With McCall back for his sixth season with the Buckeyes this fall, Ohio State has the option to give him one more shot, in hopes that his playmaking ability can finally shine on special teams – while outweighing his troubles in fielding those kicks and punts. From what media has seen, though, it seems that he’ll likely be remaining as the kickoff specialist, with freshmen Emeka Egbuka, Evan Pryor and TreVeyon Henderson fielding punts during a brief media practice availability earlier this month. All three certainly look like solid options, but Henderson is the fastest of the bunch and could provide the spark that Ohio State needs to finally kick its return game into a higher gear.

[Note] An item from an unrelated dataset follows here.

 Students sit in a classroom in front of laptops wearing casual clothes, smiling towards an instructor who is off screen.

4. Is Parker Fleming the guy for this job?
This is more esoteric than the other questions but equally pressing, as is always the case with a position coach. This is Fleming’s first full-time job in college football exclusively as a special teams coach after two years as a quality control coach for the Buckeyes in the specialists’ room. He’s been a full-time assistant before, serving as a co-offensive coordinator and quarterbacks coach at Texas State – a job he was promoted to after working as Texas State’s wide receivers and special teams coach the year prior.
Beyond that, though, the resume is sparse. He’s spent nearly as much time as an Ohio State quality control coach as he has coaching anywhere else at the collegiate level, and his experience with special teams is almost exclusively limited to his time in Columbus, which he openly admitted during his first meeting with Columbus media.

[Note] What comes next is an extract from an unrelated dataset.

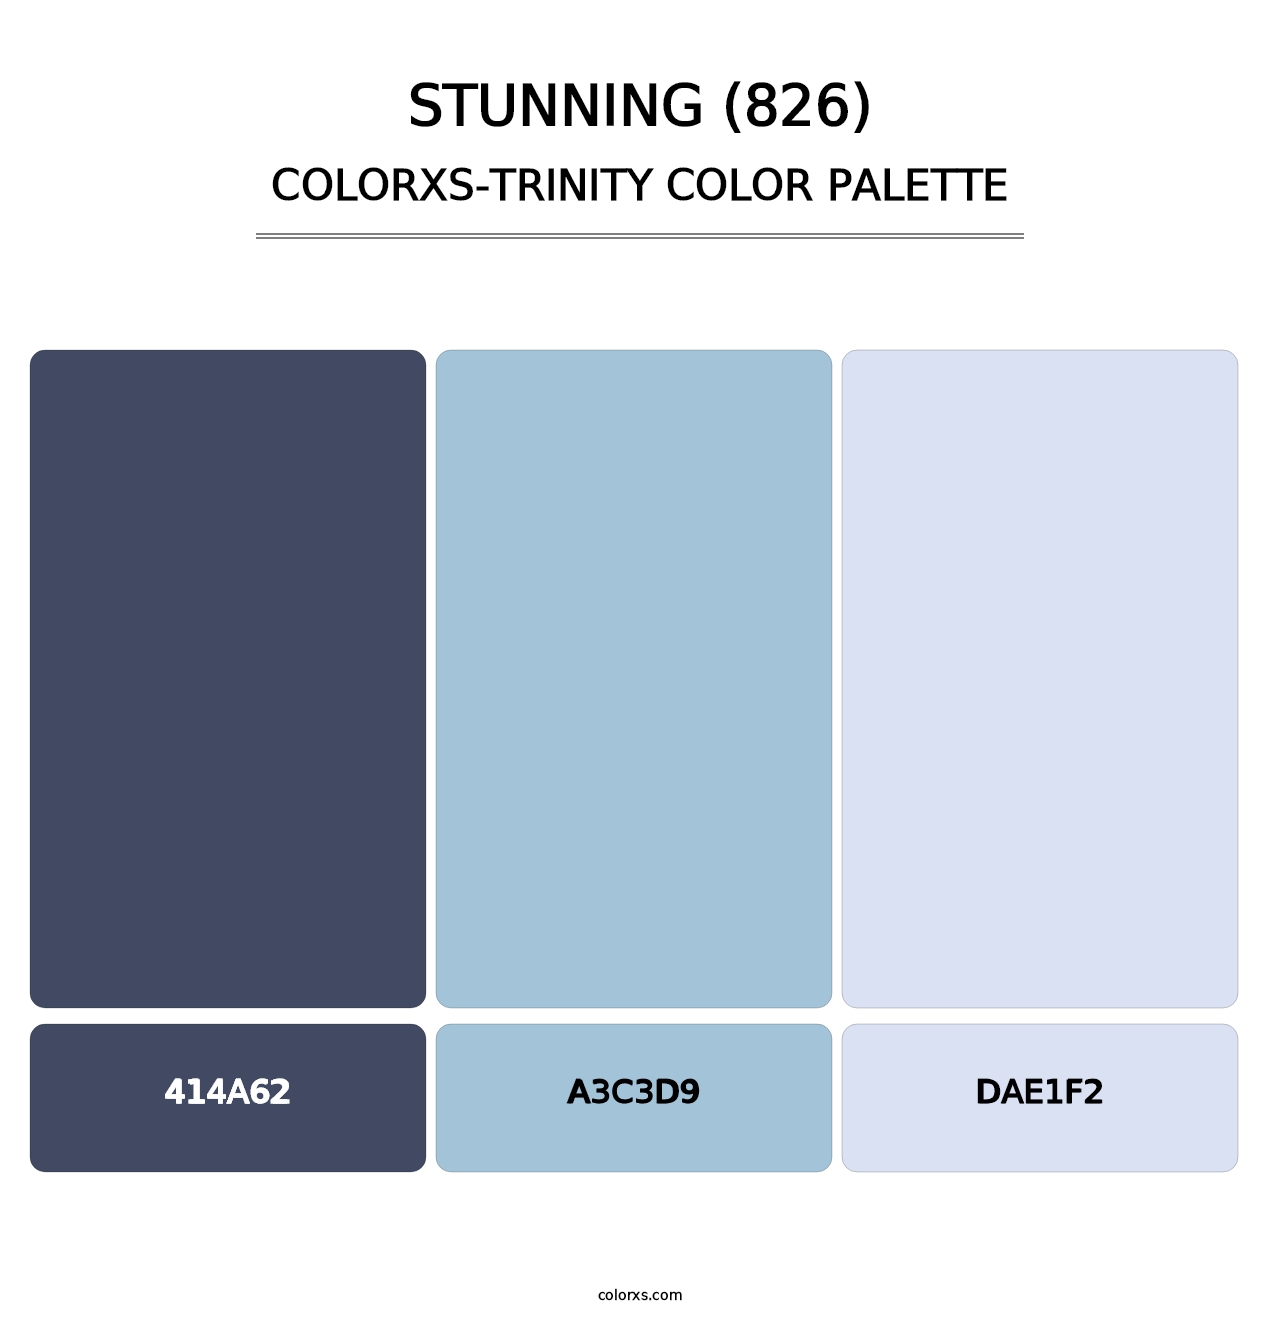 Stunning (826) - Colorxs Trinity Palette

It’s obvious that head coach Ryan Day likes him, promoting him to his current role after moving former coordinator Matt Barnes into the secondary coach job, but it’s hard to put together an especially compelling case for his qualification beyond Day’s evaluation on him. The Buckeye head coach hasn’t frequently missed on hires yet, so perhaps that’s more than enough, but this special teams set-up – replacing two vets – would be a difficult task for an experienced coordinator. Can a brand new one navigate this choppy terrain for a program with very little patience for unforced errors?